For more than a decade, cell phones have been indispensable tools for people fleeing their homelands, helping them research routes, find friends and loved ones, connect with smugglers, and evade the authorities.

But now, cell phones and social media platforms like Facebook, YouTube, and TikTok are drastically changing the equation once again, fueling the next evolution of the global movement.

Today, migrants are the producers of an enormous digital almanac of the trek to the United States, documenting the route and its pitfalls in such detail that, in a few stretches, people can find their way on their own, without smugglers.

As migrants stream their struggles and successes to millions back home, some are becoming small-time celebrities and influencers in their own right, inspiring others to make the trek as well.

Their posts, pictures, videos, and memes are not just in Spanish, but also in the array of languages spoken by migrants from around the globe who are increasingly showing up at the southern border of the United States.

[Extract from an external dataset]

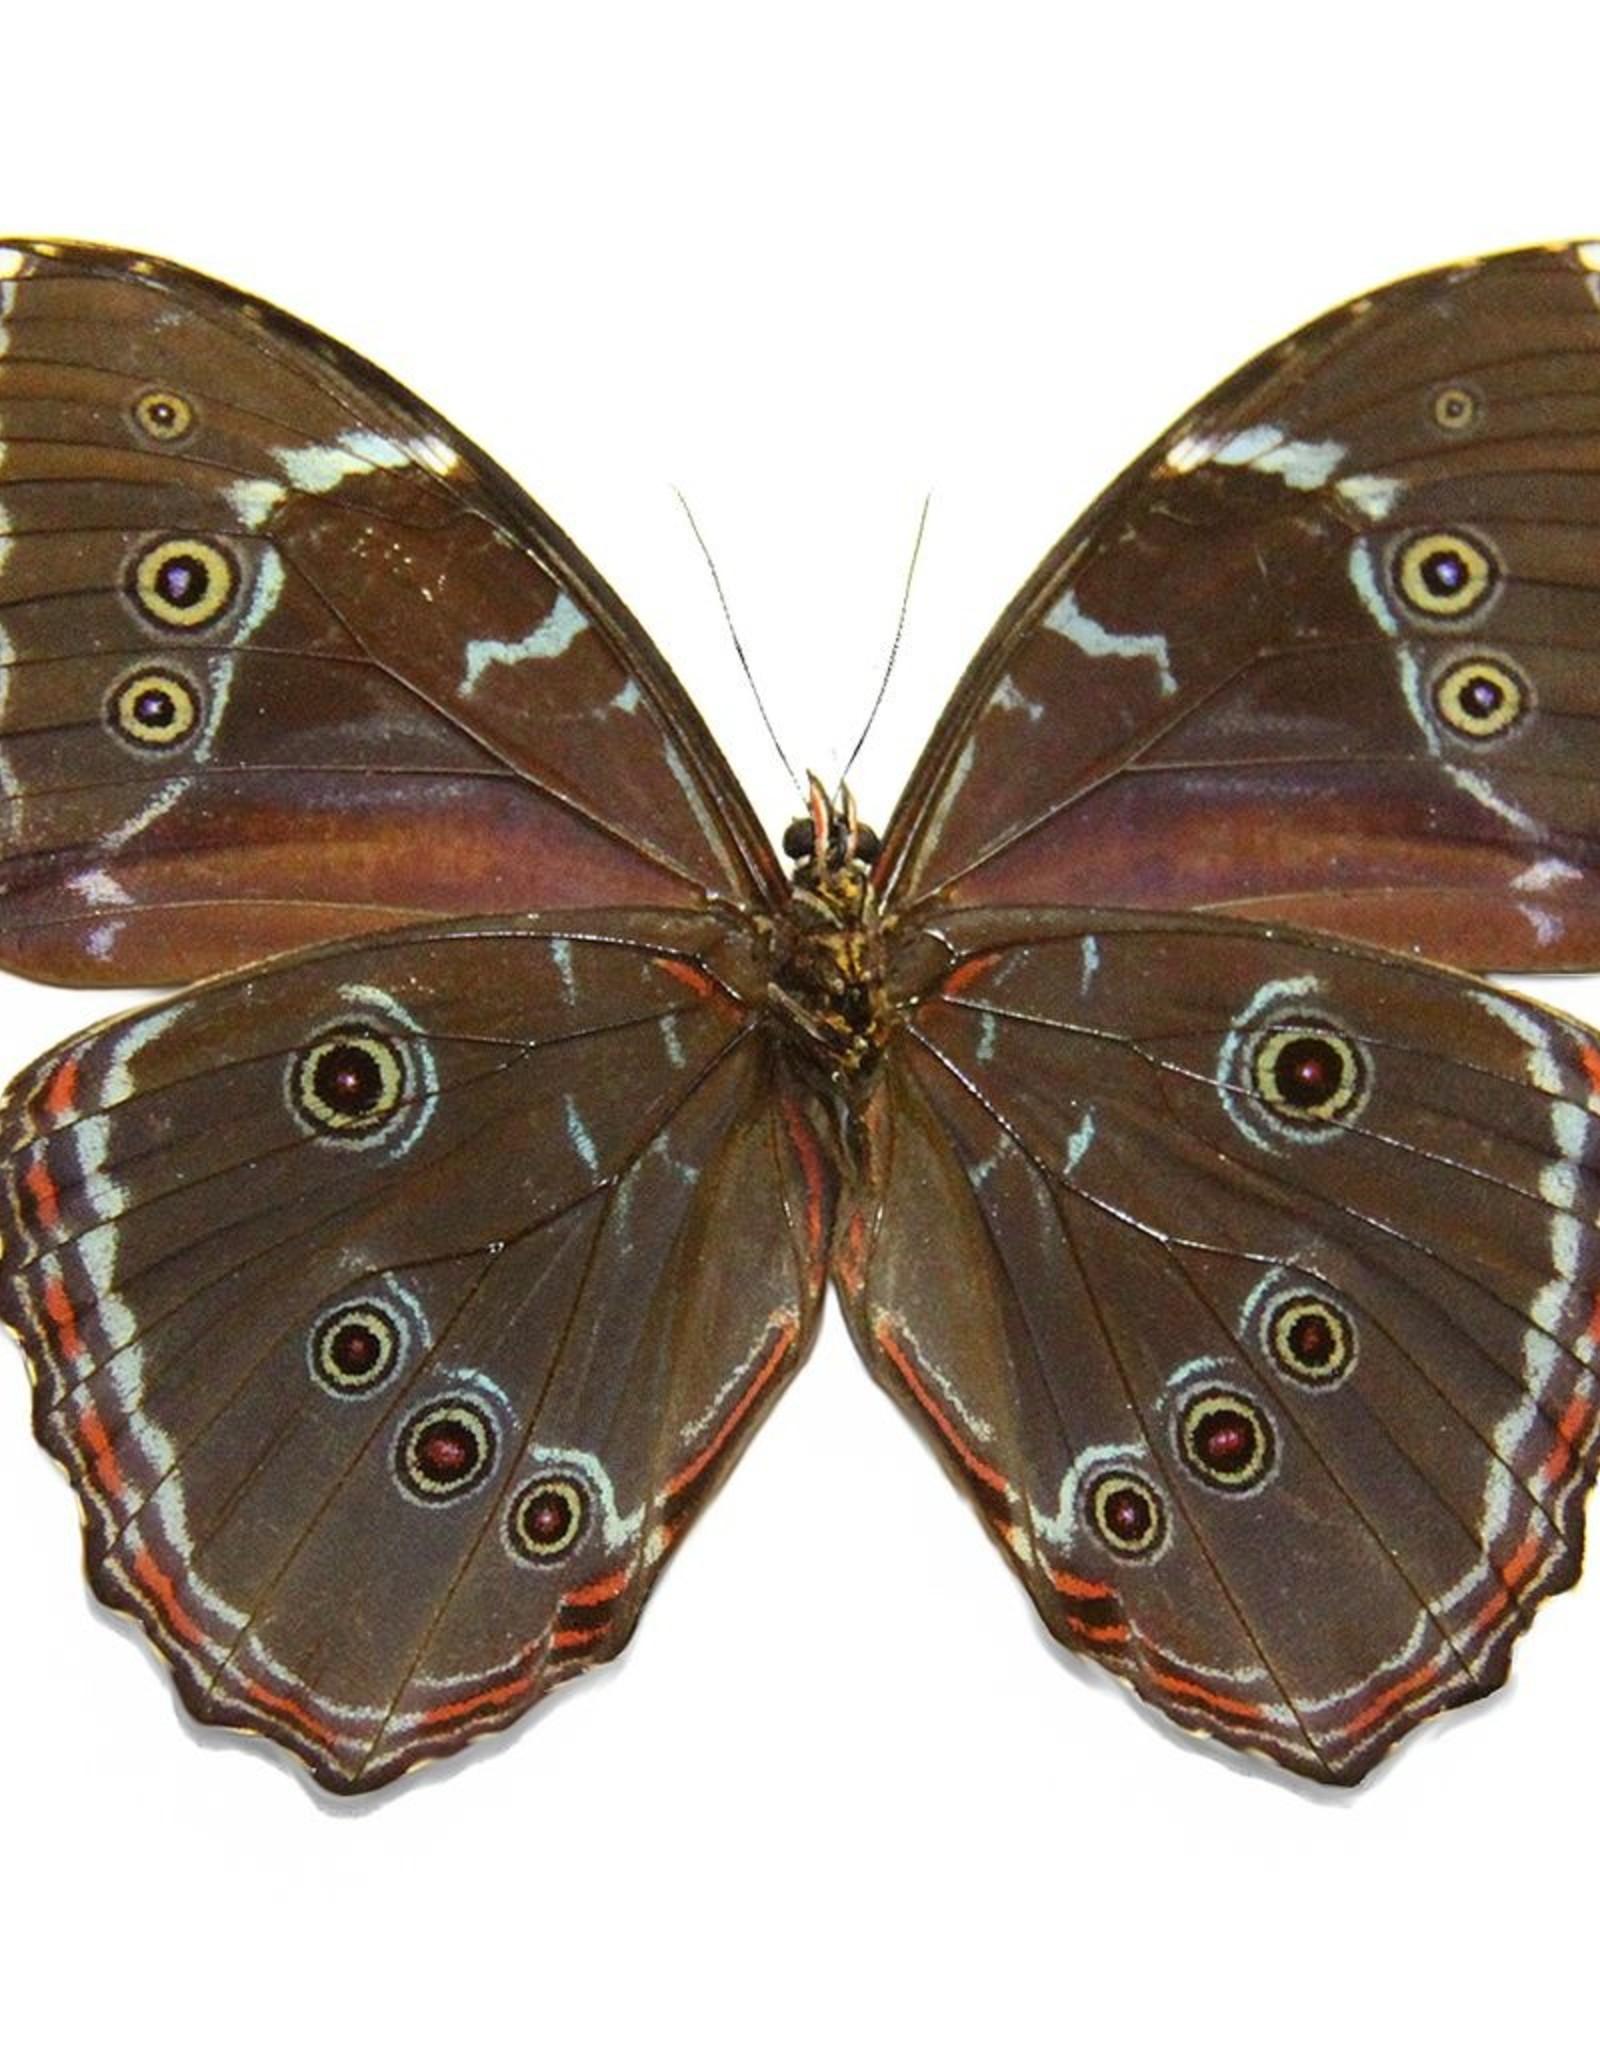 Morpho achilles fagardii (=M. patroclus orestes) M A1 Peru

In Hindi, Haryanvi, and Punjabi, languages spoken in India, the journey from South America to the United States is known as “dunki,” a reference to a “donkey” or informal route. In Pashto and Persian, languages spoken in Afghanistan, it is often referred to as a “game.”

Migrants are using social media platforms to document their journey and share their experiences. An influencer from India, Ankush Malik, documented his journey from India to the United States last year, posting a series of videos on YouTube that have been viewed nearly seven million times. In the videos, he bids goodbye to his grandmother and shares the challenges he faces during the trek, while viewers cheer him on.

Similarly, another influencer, Manuel Monterrosa, who studied communications in Venezuela, has been attracting a following on YouTube by documenting his journey and sharing his experiences as a migrant. He has been making around $1,000 per month from his videos, four times the minimum wage in Colombia, where he currently lives.

But the content can be more profitable for social media companies, which make money from posts about migration the same way they do from cat videos. Facebook, TikTok and other platforms are flooded with migration-related content, and Spanish-language posts with tags like #migracion and #darien have generated nearly two billion views. And while these platforms do make efforts to remove content promoting human smuggling, there are still hundreds of posts advertising such services.

The Darién Gap, the perilous jungle that migrants must cross in order to reach the United States, is the focal point of this digital conversation. It has become a popular topic on social media, with many people sharing their own experiences and inspiring others to follow in their footsteps.

However, along with aspirational content, social media is also flooded with tragic stories of people who have disappeared or died while attempting the journey. This has posed an enormous challenge for the Biden administration, which is trying to counter the messaging from smugglers and offer alternative, legal pathways to immigration.

Despite the dangers, the number of people making this journey continues to grow, with many being inspired by the success stories they see on social media. This highlights the immense influence that social media platforms have on global migration and the need to regulate the content being shared on them.